*Problem description:* Reprint all records below exactly. No images.

-- Opening Marker --

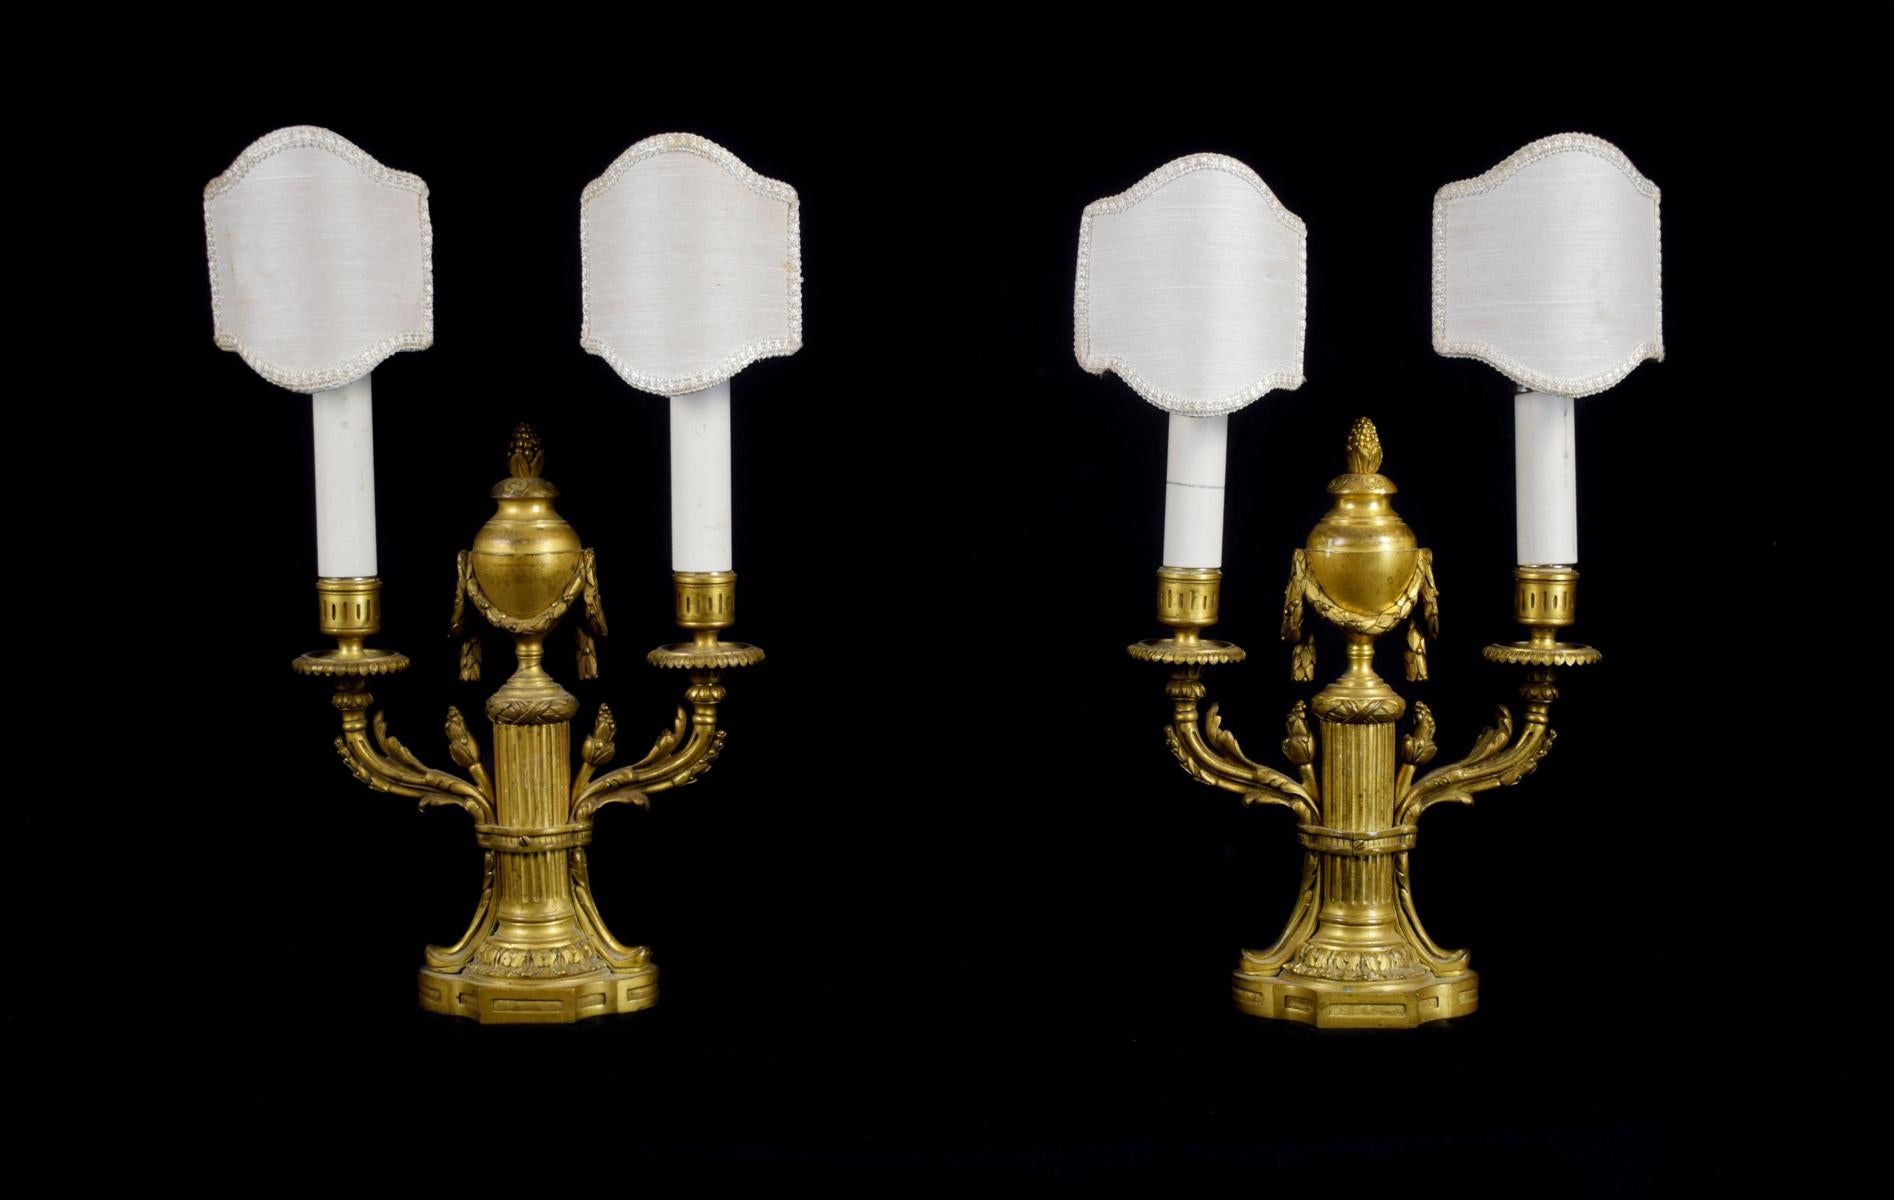 19. Jahrhundert, zwei französische Louis XVI-Leuchter aus vergoldeter Bronze
Maße: Gesamthöhe cm 39,5 x Höhe Bronze 29 x B 20 x T 9 cm

Das schöne Paar Kerzenständer wurde im 19. Jahrhundert in Frankreich aus fein ziselierter und vergoldeter Bronze
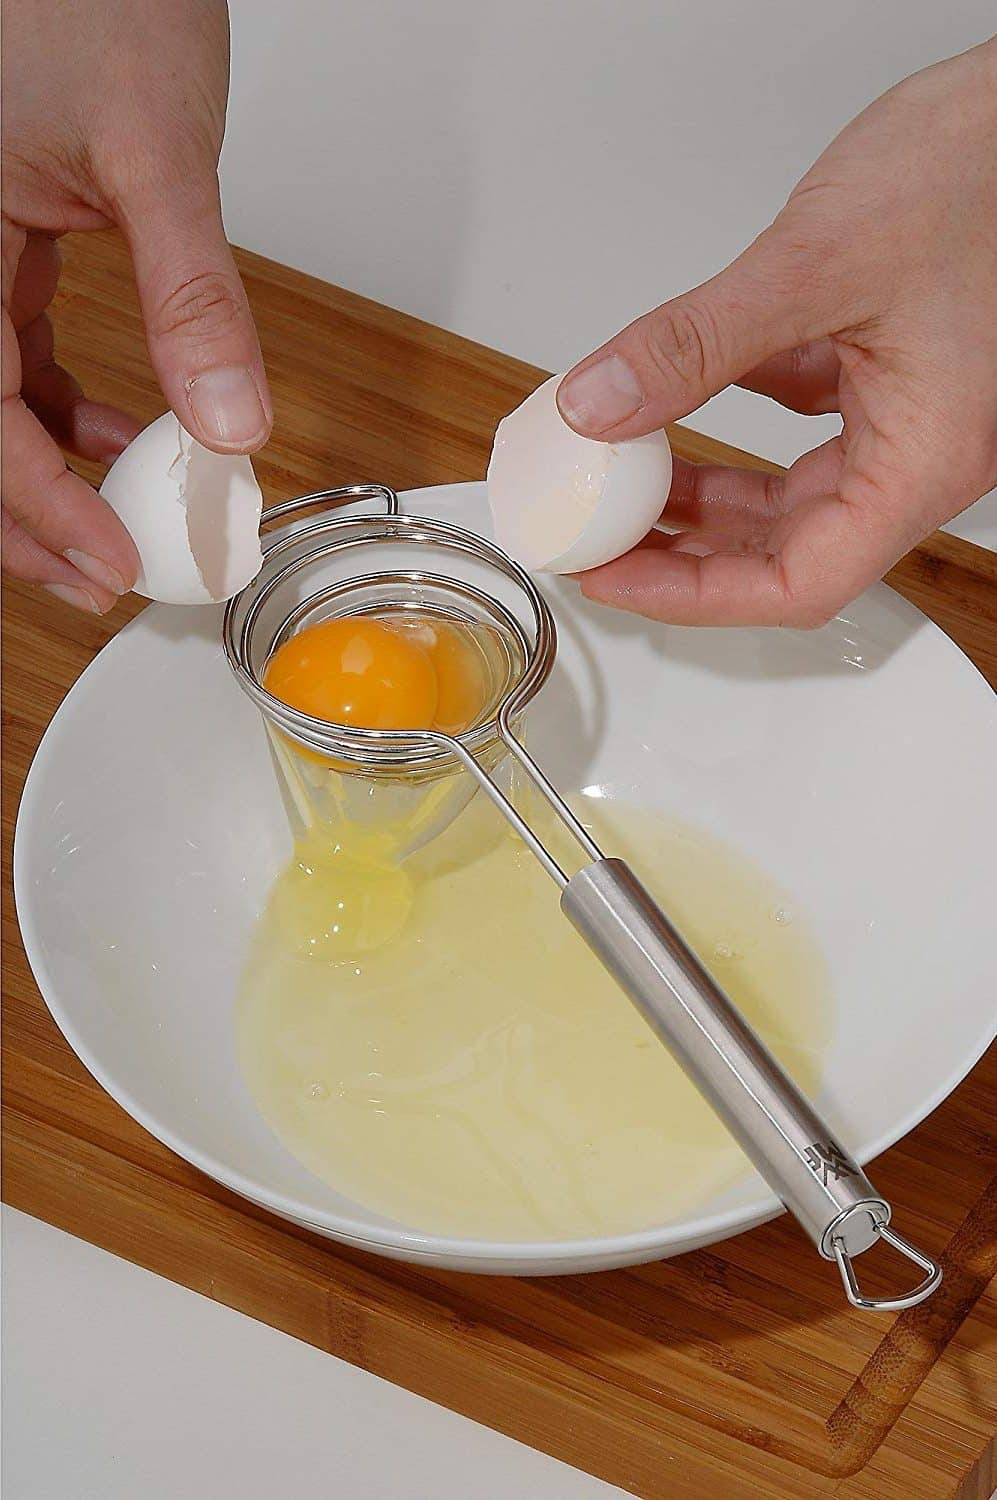 Сепаратор для отделение желтка яйца от белка | Как отделить желток яйца от белка: более 15 способов и приспособлений
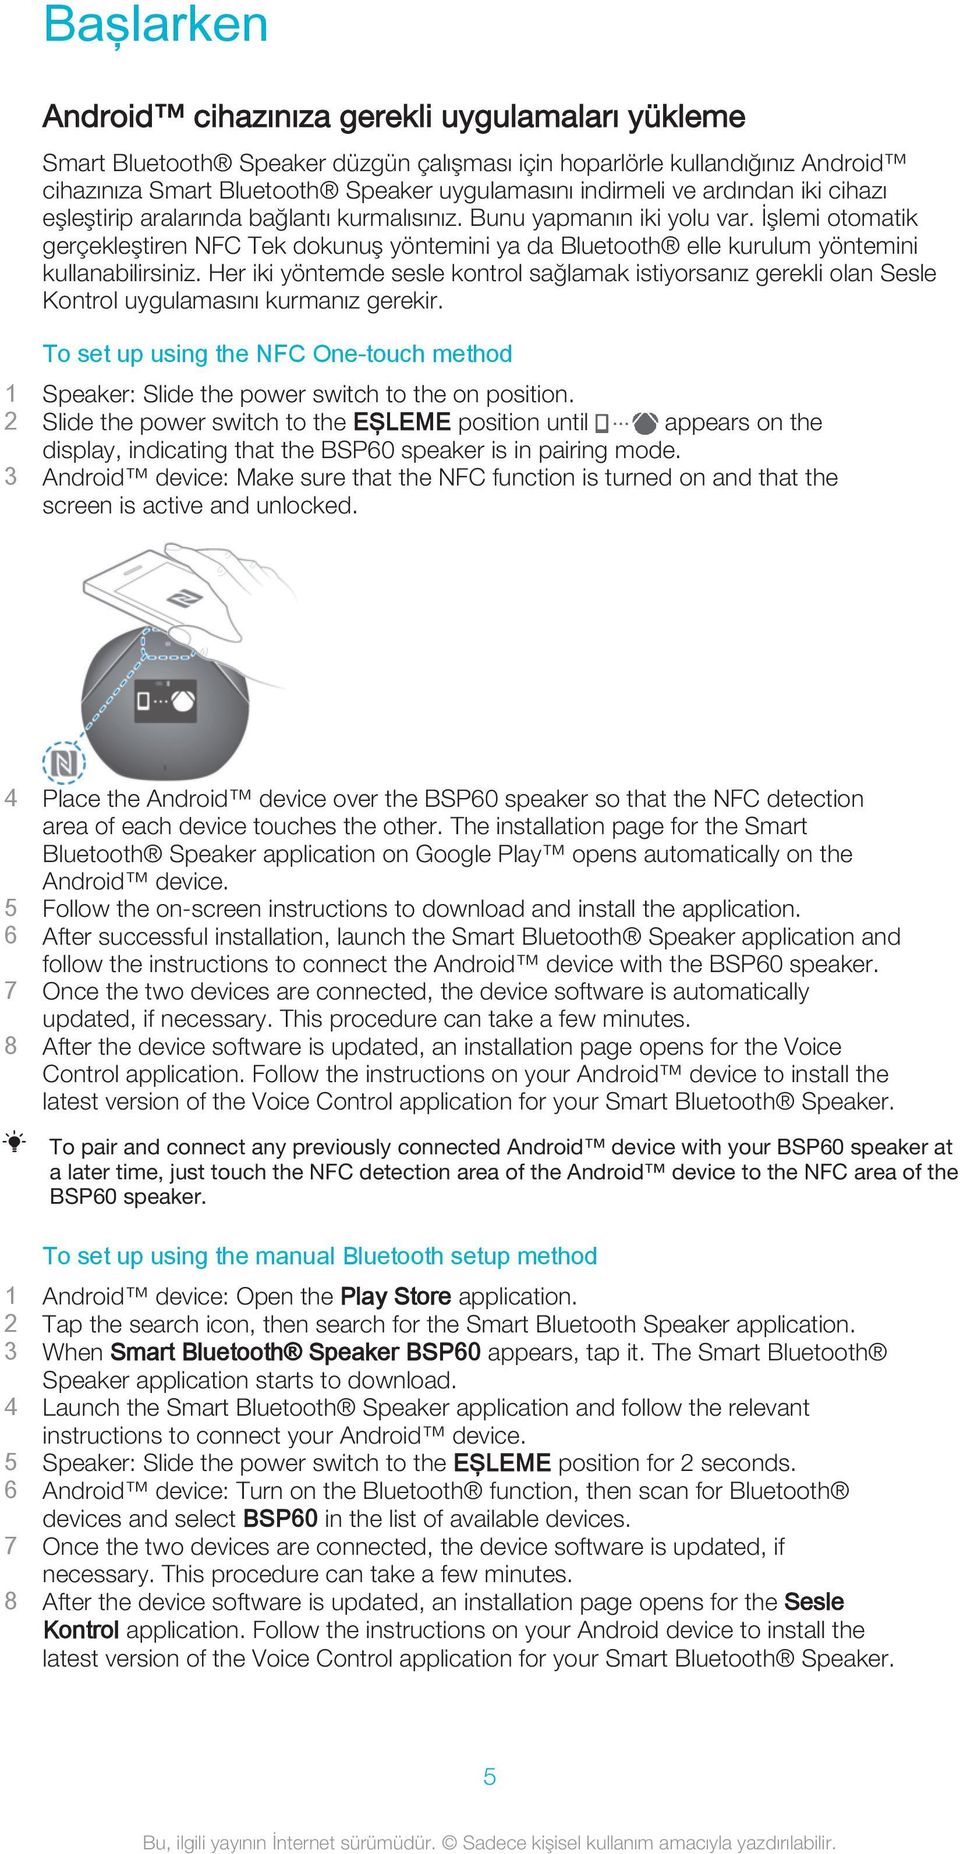 İşlemi otomatik gerçekleştiren NFC Tek dokunuş yöntemini ya da Bluetooth elle kurulum yöntemini kullanabilirsiniz.

-- Closing Marker --

*Result below:*
 19. Jahrhundert, zwei französische Louis XVI-Leuchter aus vergoldeter Bronze
Maße: Gesamthöhe cm 39,5 x Höhe Bronze 29 x B 20 x T 9 cm

Das schöne Paar Kerzenständer wurde im 19. Jahrhundert in Frankreich aus fein ziselierter und vergoldeter Bronze
 Сепаратор для отделение желтка яйца от белка | Как отделить желток яйца от белка: более 15 способов и приспособлений
 İşlemi otomatik gerçekleştiren NFC Tek dokunuş yöntemini ya da Bluetooth elle kurulum yöntemini kullanabilirsiniz.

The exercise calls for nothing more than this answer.